## Your instructions
Please reproduce all of the data below exactly, leaving each picture out.

(Source material)

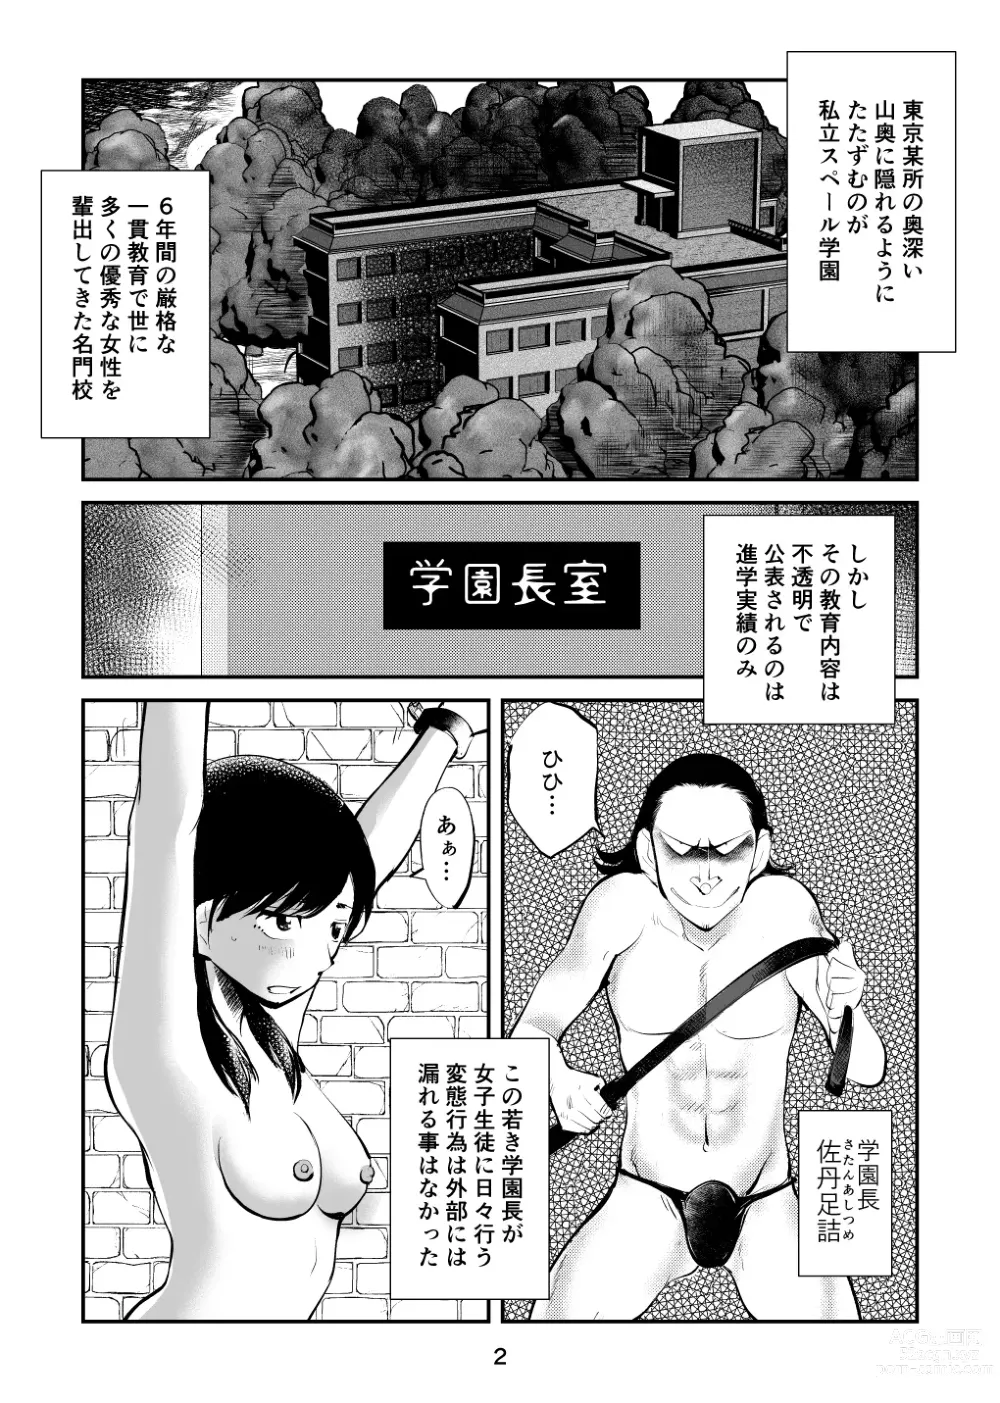 Page 2 of doujinshi Zetchō kamen hentai kyōshi chin ori tamatsubushi
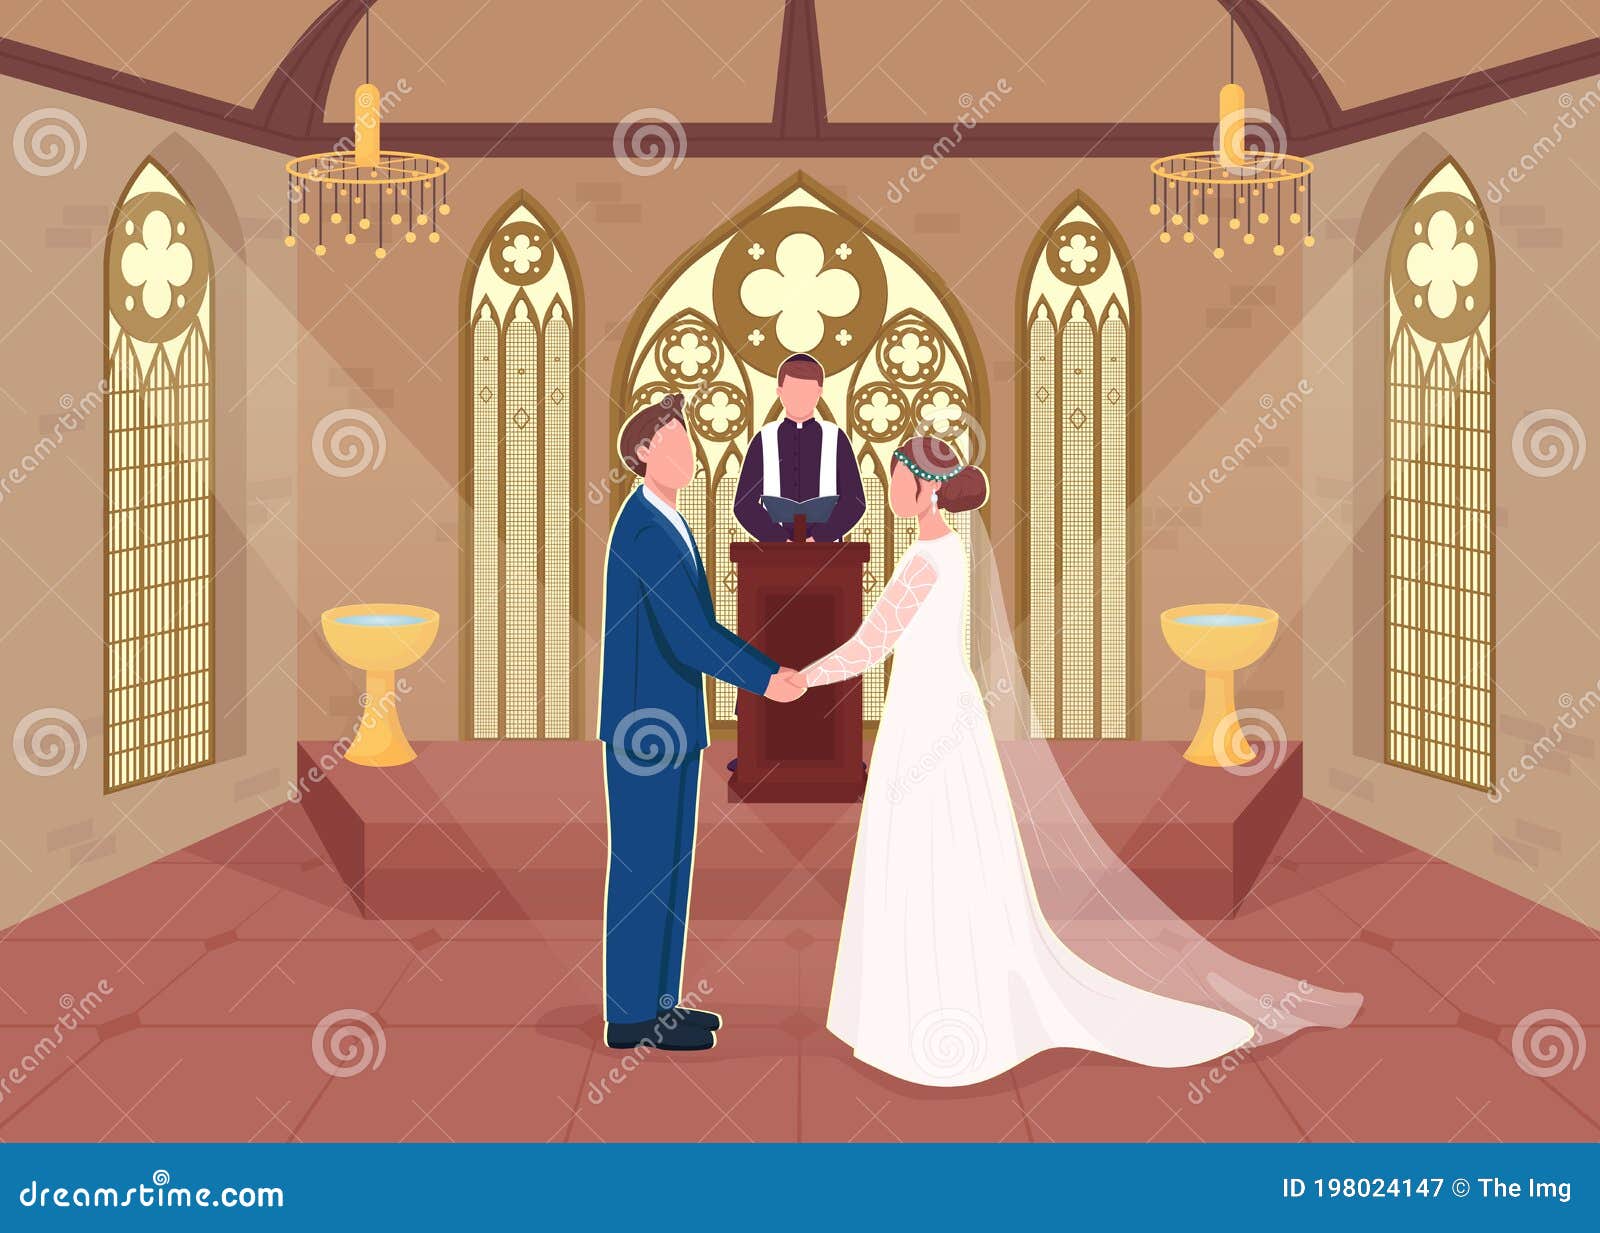 religious wedding ceremony flat color vector illustration religious wedding ceremony flat color vector illustration priest does 198024147
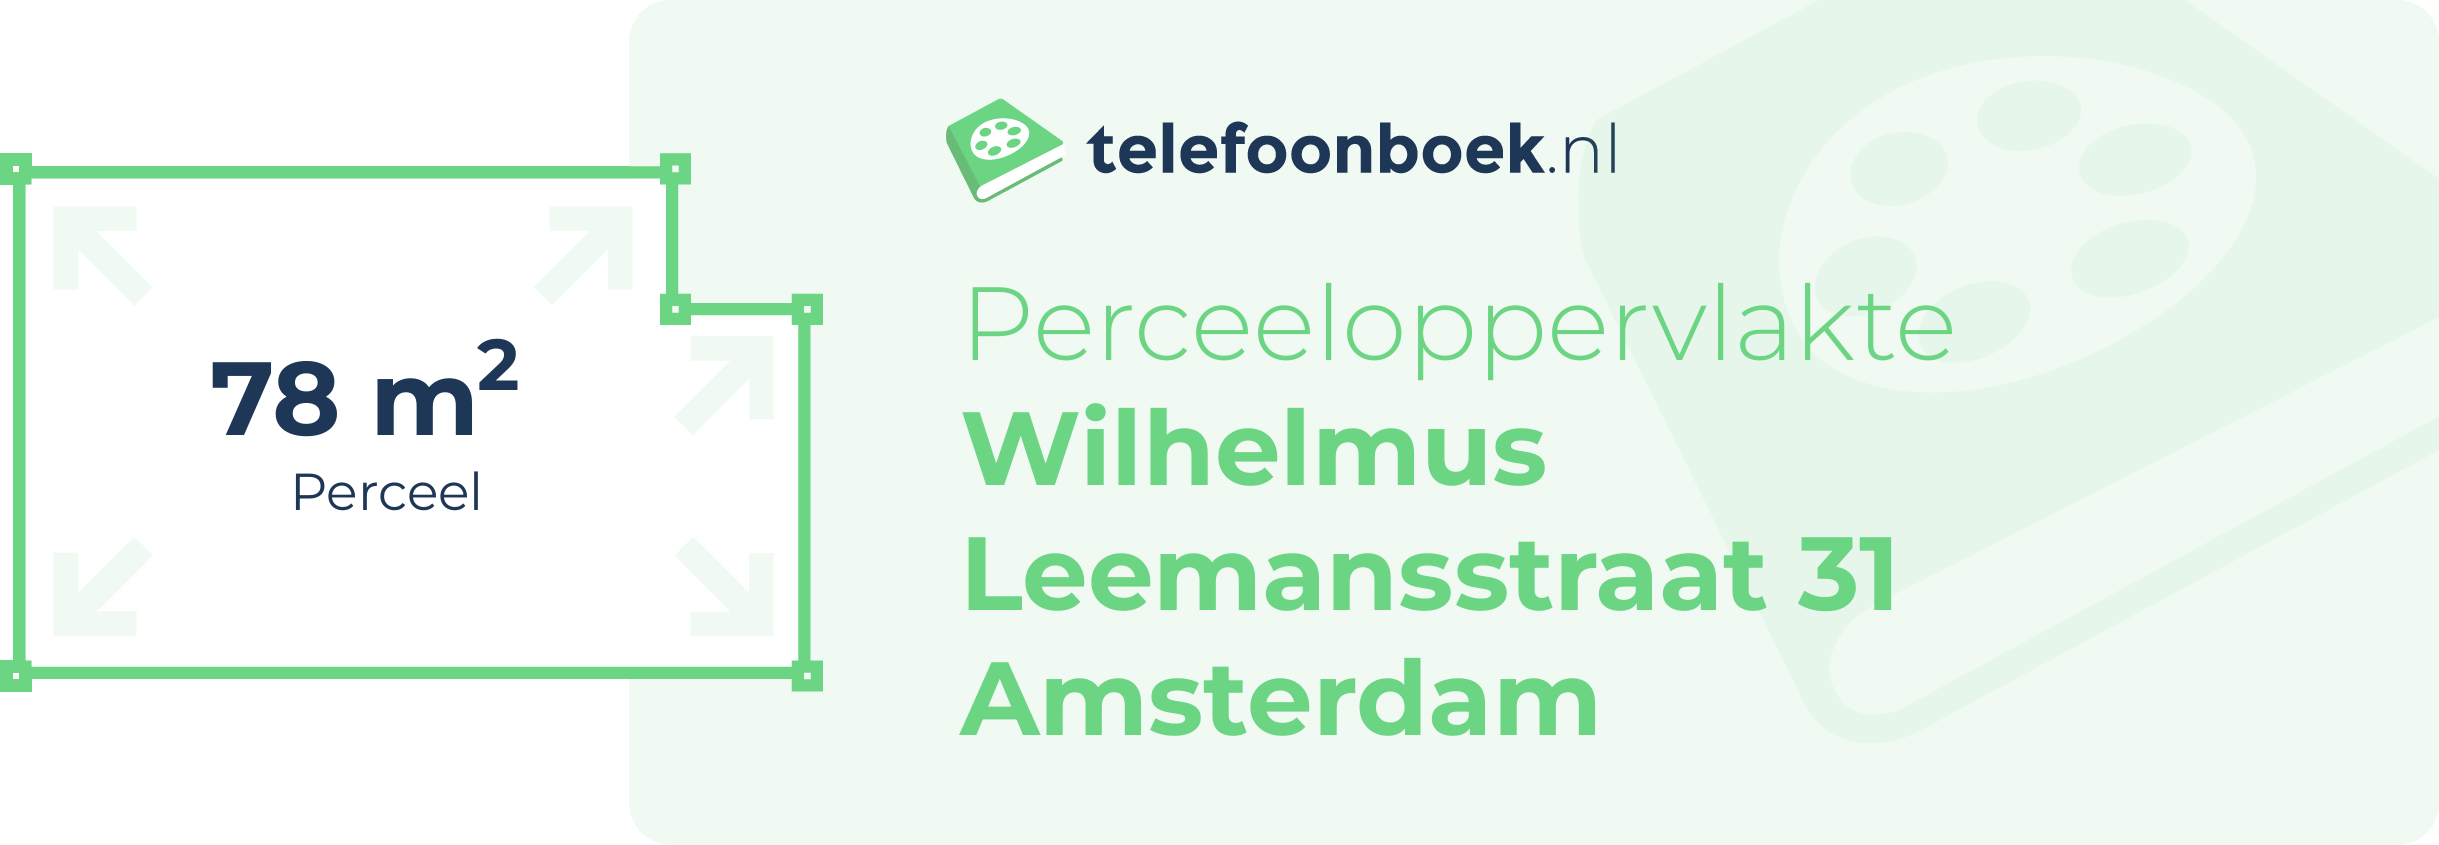 Perceeloppervlakte Wilhelmus Leemansstraat 31 Amsterdam
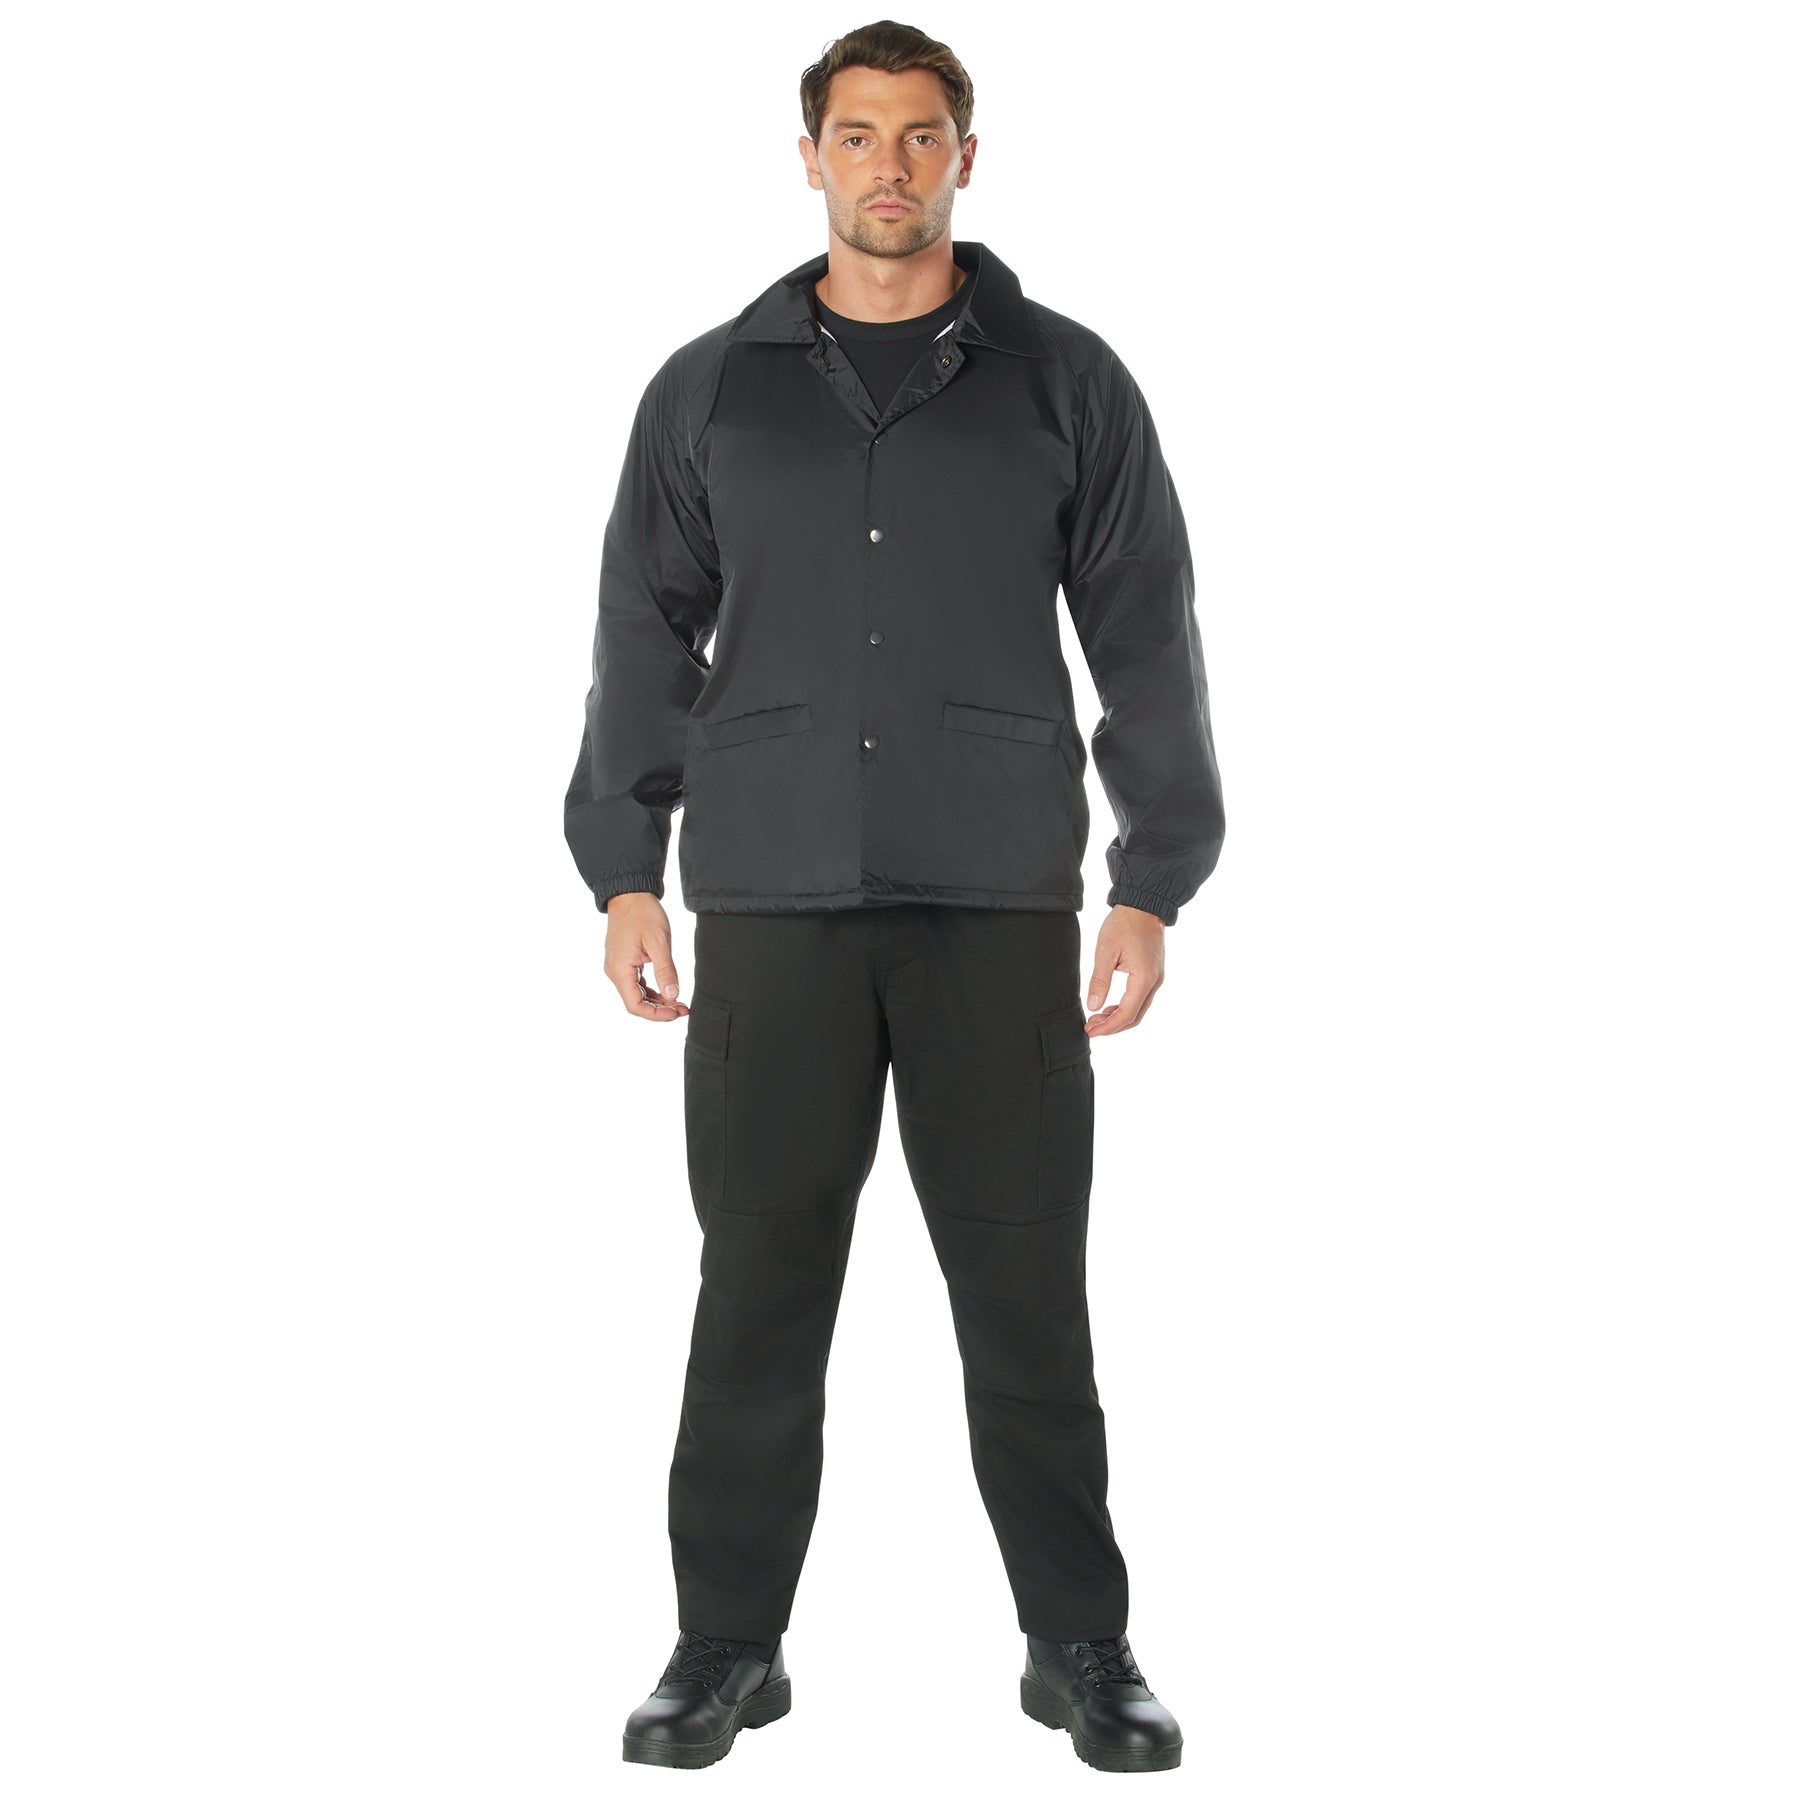 [Public Safety] Nylon Fleece-Lined Security Coaches Jackets

(End Source material)

## Written reply
 Page 2 of doujinshi Zetchō kamen hentai kyōshi chin ori tamatsubushi
 religious wedding ceremony flat color vector illustration religious wedding ceremony flat color vector illustration priest does 198024147
 Perceeloppervlakte Wilhelmus Leemansstraat 31 Amsterdam
 [Public Safety] Nylon Fleece-Lined Security Coaches Jackets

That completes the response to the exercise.